In [1]:

from tensorflow.keras.layers.experimental.preprocessing import StringLookup
from tensorflow import keras
from pathlib import Path

import matplotlib.pyplot as plt
import tensorflow as tf
import numpy as np
import os
import cv2 as cv
import pandas as pd
from tensorflow.keras import layers

from sklearn.model_selection import train_test_split
np.random.seed(42)
tf.random.set_seed(42)

In [2]:
print(tf.__version__)

2.10.0


In [3]:
short_training_set = pd.read_csv('TrainLables.csv').drop(['Unnamed: 0'],axis=1).sort_values(by=['Image'])

ll = 6*list(short_training_set['Text'])

list_paths = sorted(os.listdir("Processed_Images"))

full_path = ["Processed_Images/"+i for i in list_paths]

long_training_set = pd.DataFrame({'Image':full_path,"Text":ll})

test_set = pd.read_csv('TestLabels.csv').drop(['Unnamed: 0'],axis=1).sort_values(by=['Image'])

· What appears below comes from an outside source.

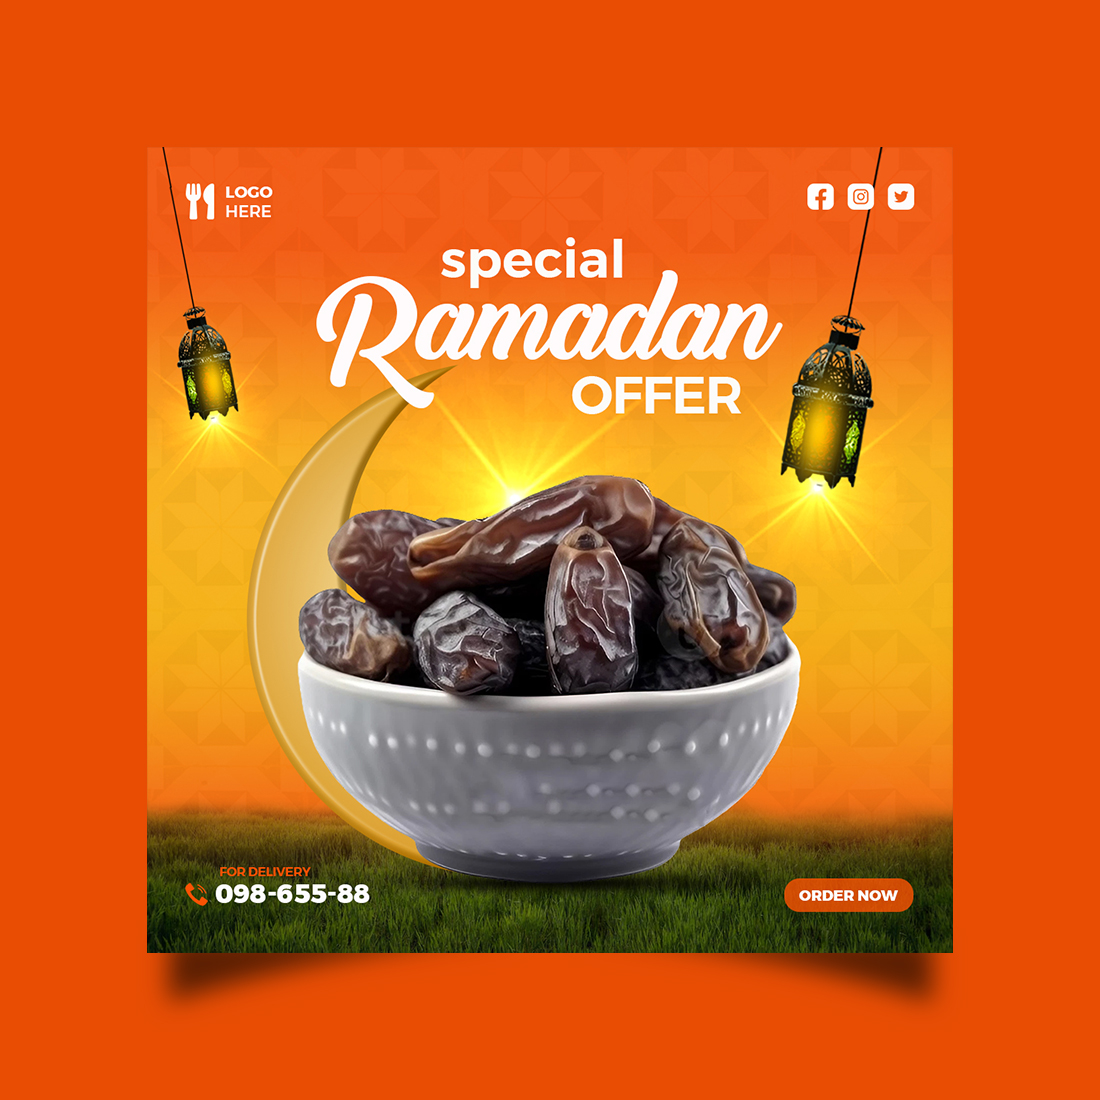 Ramadan Social Media Design preview image.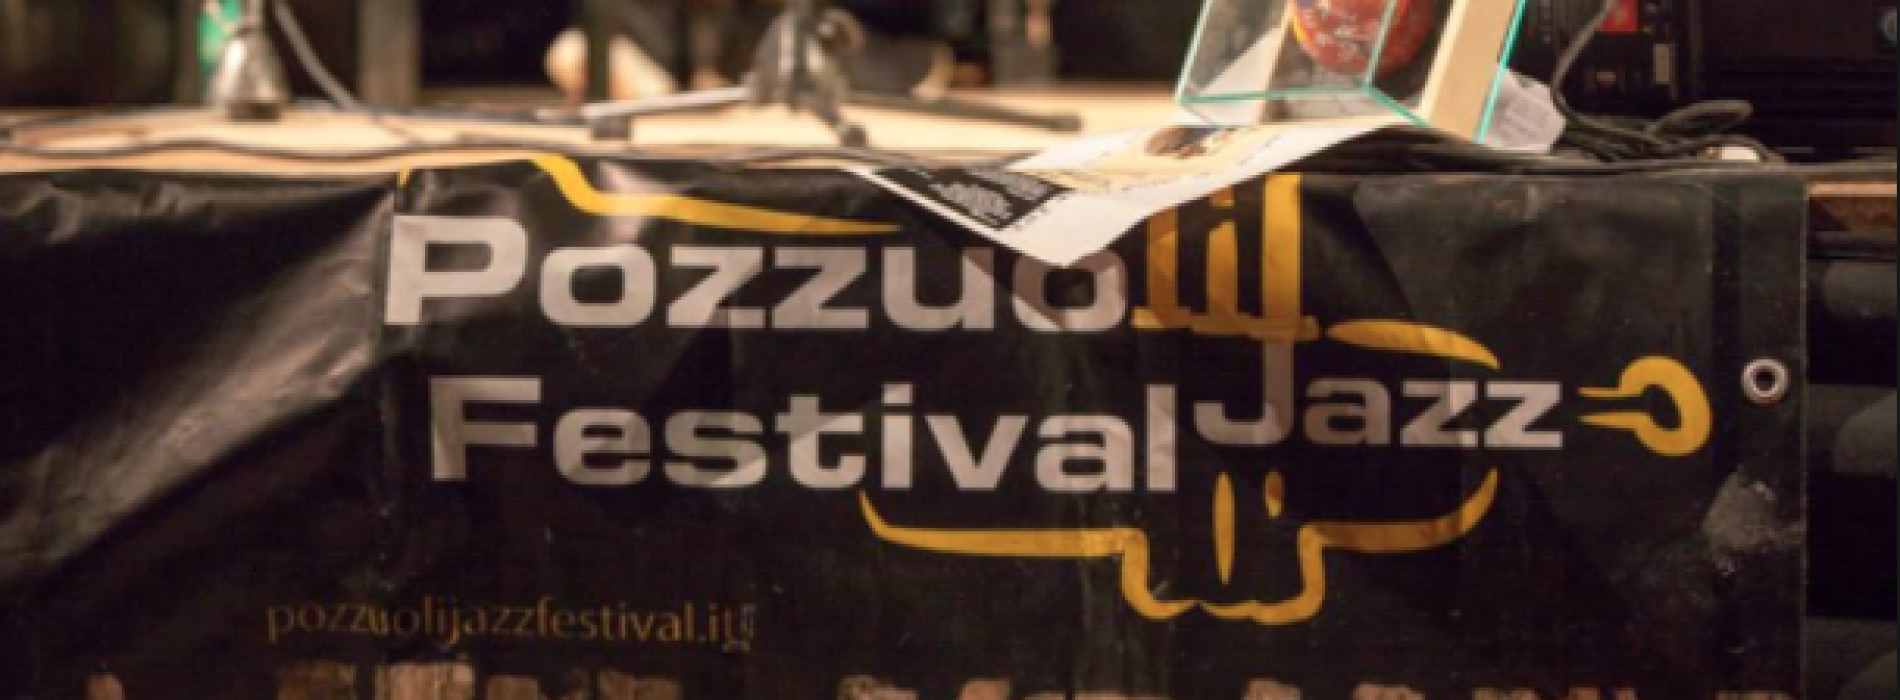 Il Pozzuoli Jazz Festival ritorna nei siti archeologici flegrei

list_paths_test = sorted(os.listdir("Processed_Test_Images"))

full_path_test = ["Processed_Test_Images/"+i for i in list_paths_test]

test_set['Image'] = full_path_test

# identifying unique characters in the dataset

characters = set(char for label in short_training_set['Text'] for char in label)
characters = sorted(list(characters))

# Maximum length of any line in the dataset
max_length = max([len(label) for label in short_training_set['Text']])
print('The maximum line length is {} characters'.format(max_length))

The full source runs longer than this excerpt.